Revati is the Hindu name for Zeta Piscium, a star on the edge of the  Pisces zodiac constellation. In Hindu sidereal astronomy this star is identified as the First Point of Aries, i.e. when the Sun crosses this star, a new solar year begins.
Revathi is the last star in the Pisces constellation, which  is the last zodiac sign. Ashwini is the first star in Aries constellation, which is the first zodiacal sign.

Astrology
Revati  (Devanagari: रेवती) is the twenty-seventh nakshatra in Hindu astrology (or the 28th, if Abhijit is counted) corresponding to ζ Piscium.
It is ruled by Puṣan, one of the 12 Ādityas. According to the beliefs of traditional electional astrology, Revati is a sweet or delicate nakshatra, meaning that while Revati has the most influence, it is best to begin working on things of physical beauty like music and jewellery .

Revati is symbolized by fish (often a pair of fish). It is also associated with the sea.

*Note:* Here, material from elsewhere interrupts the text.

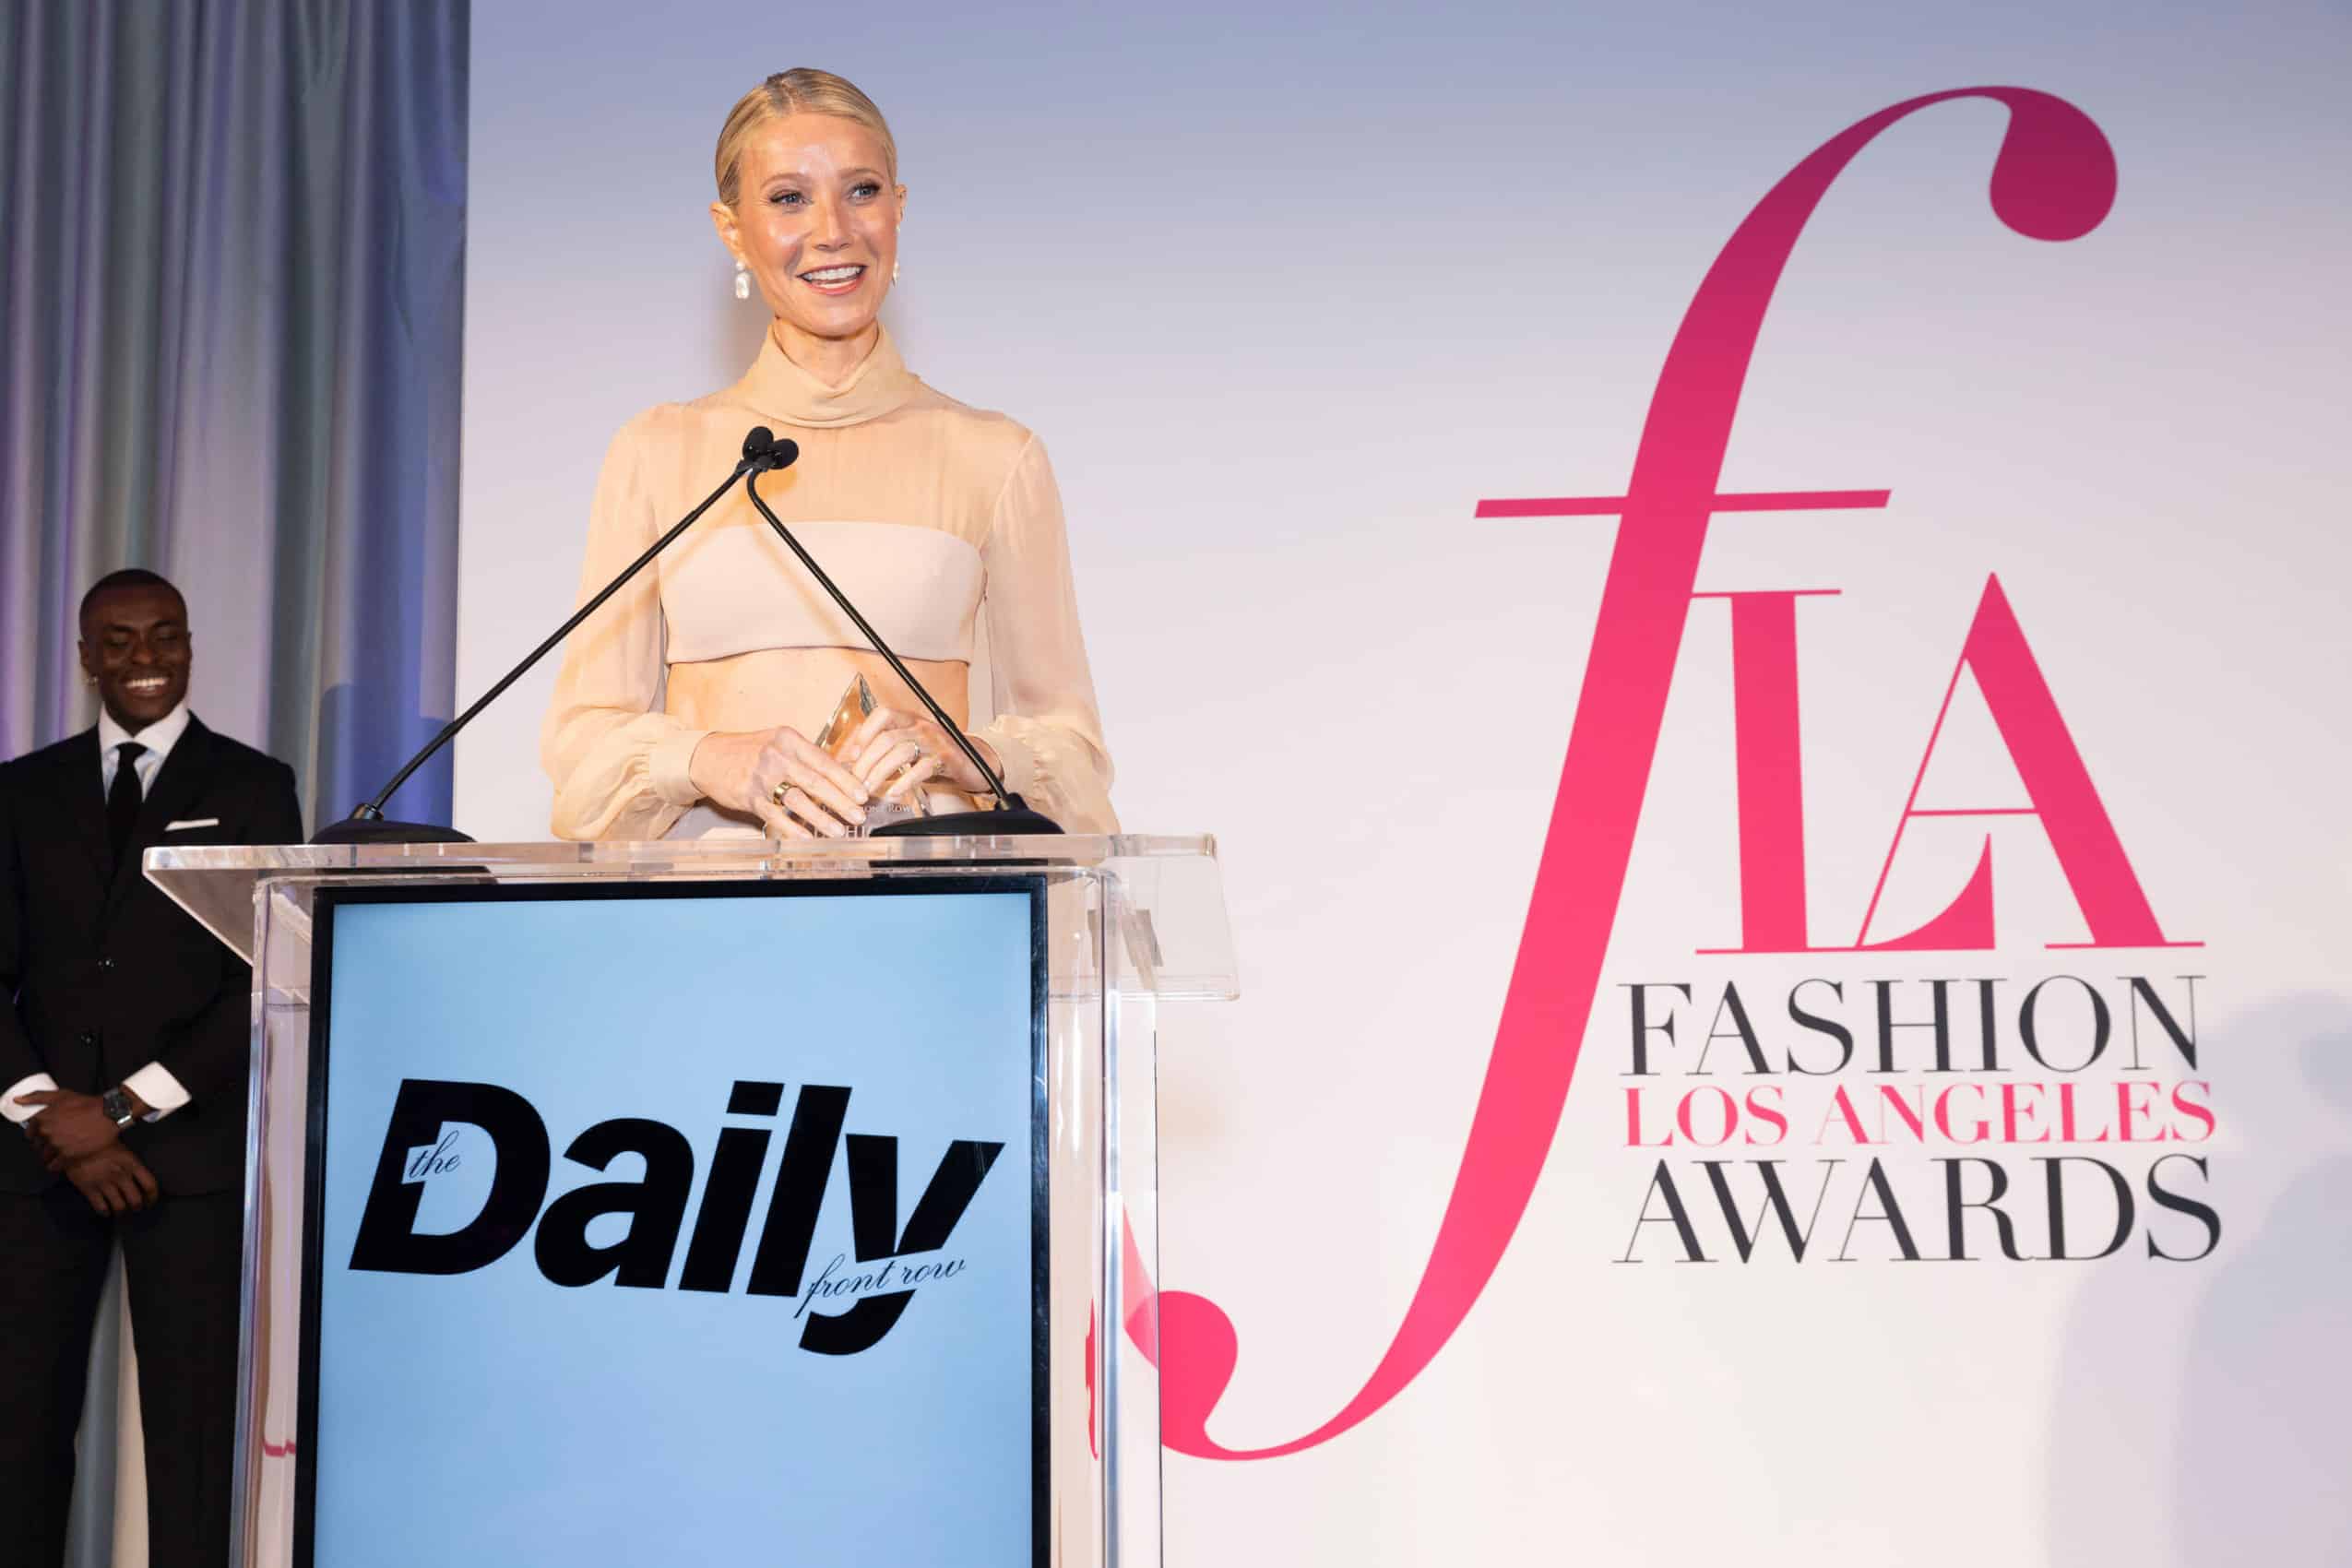 Watch Highlights From The 7th Annual Fashion Los Angeles Awards

Traditional Hindu given names are determined by which pada (quarter) of a nakshatra the Moon was in, at the time of birth. In the case of Revati, the given name would begin with the following syllables:
De (दे)
Do (दो)
Cha (च)
Chi (ची)

Revati is seen as a nakshatra that nurtures and fosters wealth, expansion, and vigour. Revati is great for beginning a new trip, marriage rituals, childbirth, or shopping for new clothing. Fish are used to represent the nakshatra and symbolize learning and movement.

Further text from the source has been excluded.